He walked away from me, giving me a good old-fashioned shunning. What worried me most was that if he knew about all my secret adventures, Zoë must have heard, and I knew she’d be pissed I hadn’t told her. During my lunch break I gave her a call. She wasn’t in. I left a message, and over time more messages—all without a response.
That afternoon, the neglect ended. Jeff returned as a sadistic prison guard. He timed my one bathroom break and noticed that some of my accessories, particularly a tiny smiley-face button on my apron, were not part of the official Kinko’s uniform. Next, he rewrote my schedule for the upcoming week, giving me night shifts that he knew would fuck up my life.

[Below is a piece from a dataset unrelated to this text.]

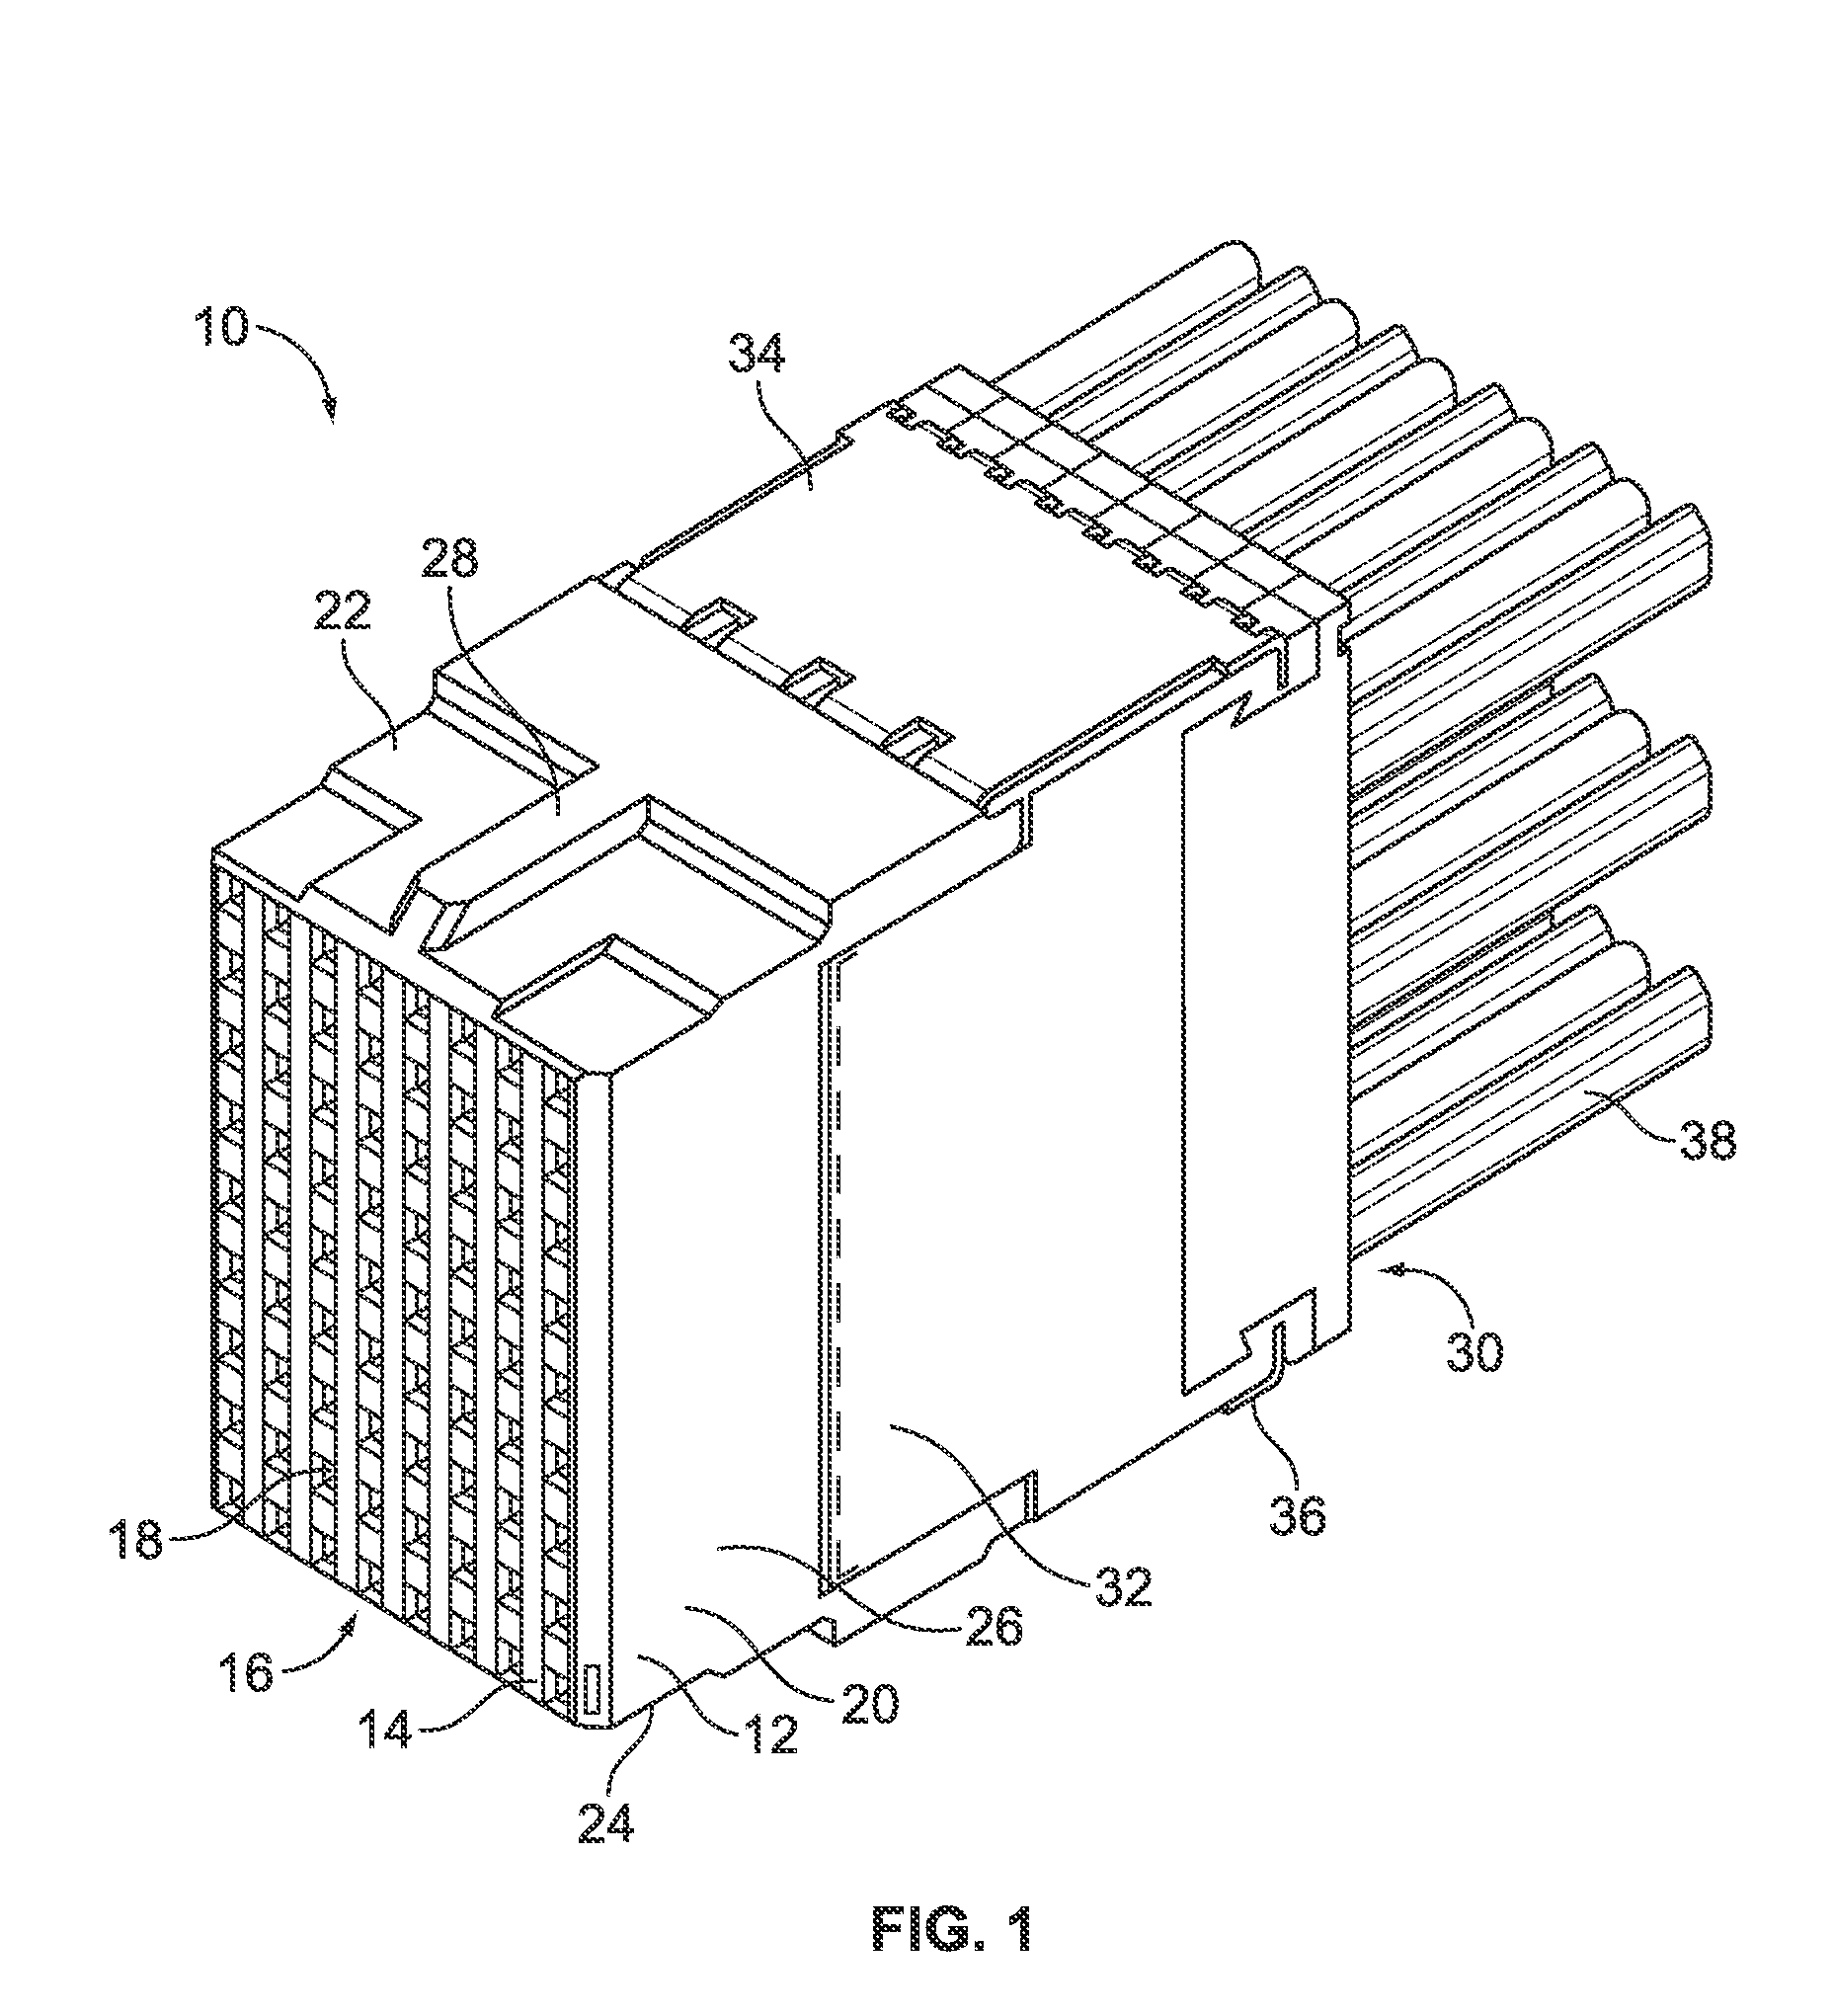 Connector assembly having a compensation circuit component

I went home and burned a tray of frozen Tater Tots that I was making for dinner. Then I grabbed my pile of filthy clothes, took them to the laundry, and dumped them into a machine. While waiting for the wash, I found a paper and read an article about some guy who spent years working at a Fotomat out on the Island. While developing people’s film, whenever he came across a picture of a nude woman, he would make an extra copy of it for himself. Eventually he discovered an added source of income: he would send his nude snapshots to a skin magazine that paid fifty bucks per photo. When one husband discovered his wife au naturel in a magazine, he called the police. They were able to catch the clerk. I tore the article out of the paper. Even though The Book of Jobs was already under submission, this story would be a perfect addition. I already had the title—“The Fotomat Junkie.”
As I pulled my wet clothes out of the laundry machine, I discovered that I had accidentally destroyed the only cashmere in my wardrobe, a Bendel’s three-quarter-sleeve boatneck sweater that had cost me over three hundred bucks. I glumly waited for the dryer, folded everything else, and brought it home. Then I took Numb out for the first time in eight hours. He whiffed every contour of earth without pissing once, filling me with anxiety that he would pee as soon as I left him alone.

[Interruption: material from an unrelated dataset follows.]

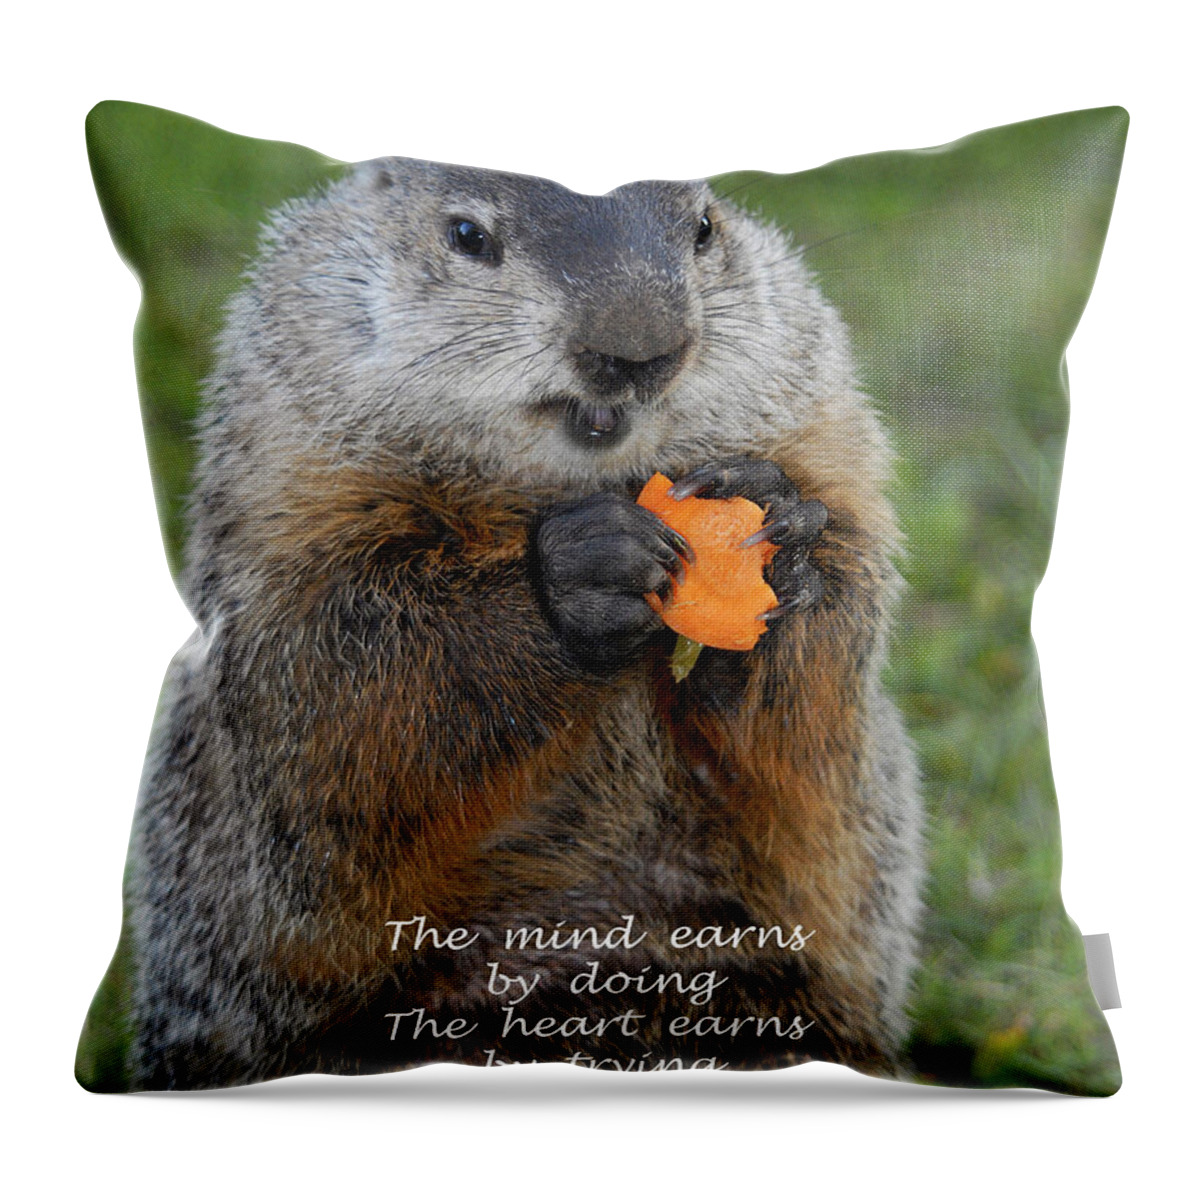 Sayings Throw Pillow featuring the photograph The heart earns by trying by Paul W Faust - Impressions of Light

That night at rehearsal, Sue produced a list of all the errors each of us had made during our performance.
“This is all routine,” she scolded. “We all play the same notes and sing the same songs over and over and over!”
To her credit, she first reviewed the few lines she dropped and thoroughly castigated herself in the process. Then she took turns yelling at each of us. When it was my turn, she had me play as she sang one of her Fuck songs.
“Now, why couldn’t you do that last night?” she asked.
“I don’t know, Sue, but I can’t deal with this right now!”
“Oh, you can’t?”
“No, I’m afraid I can’t,” I proclaimed, and tossing the bass in the case and grabbing my jacket, I stormed out into the hallway.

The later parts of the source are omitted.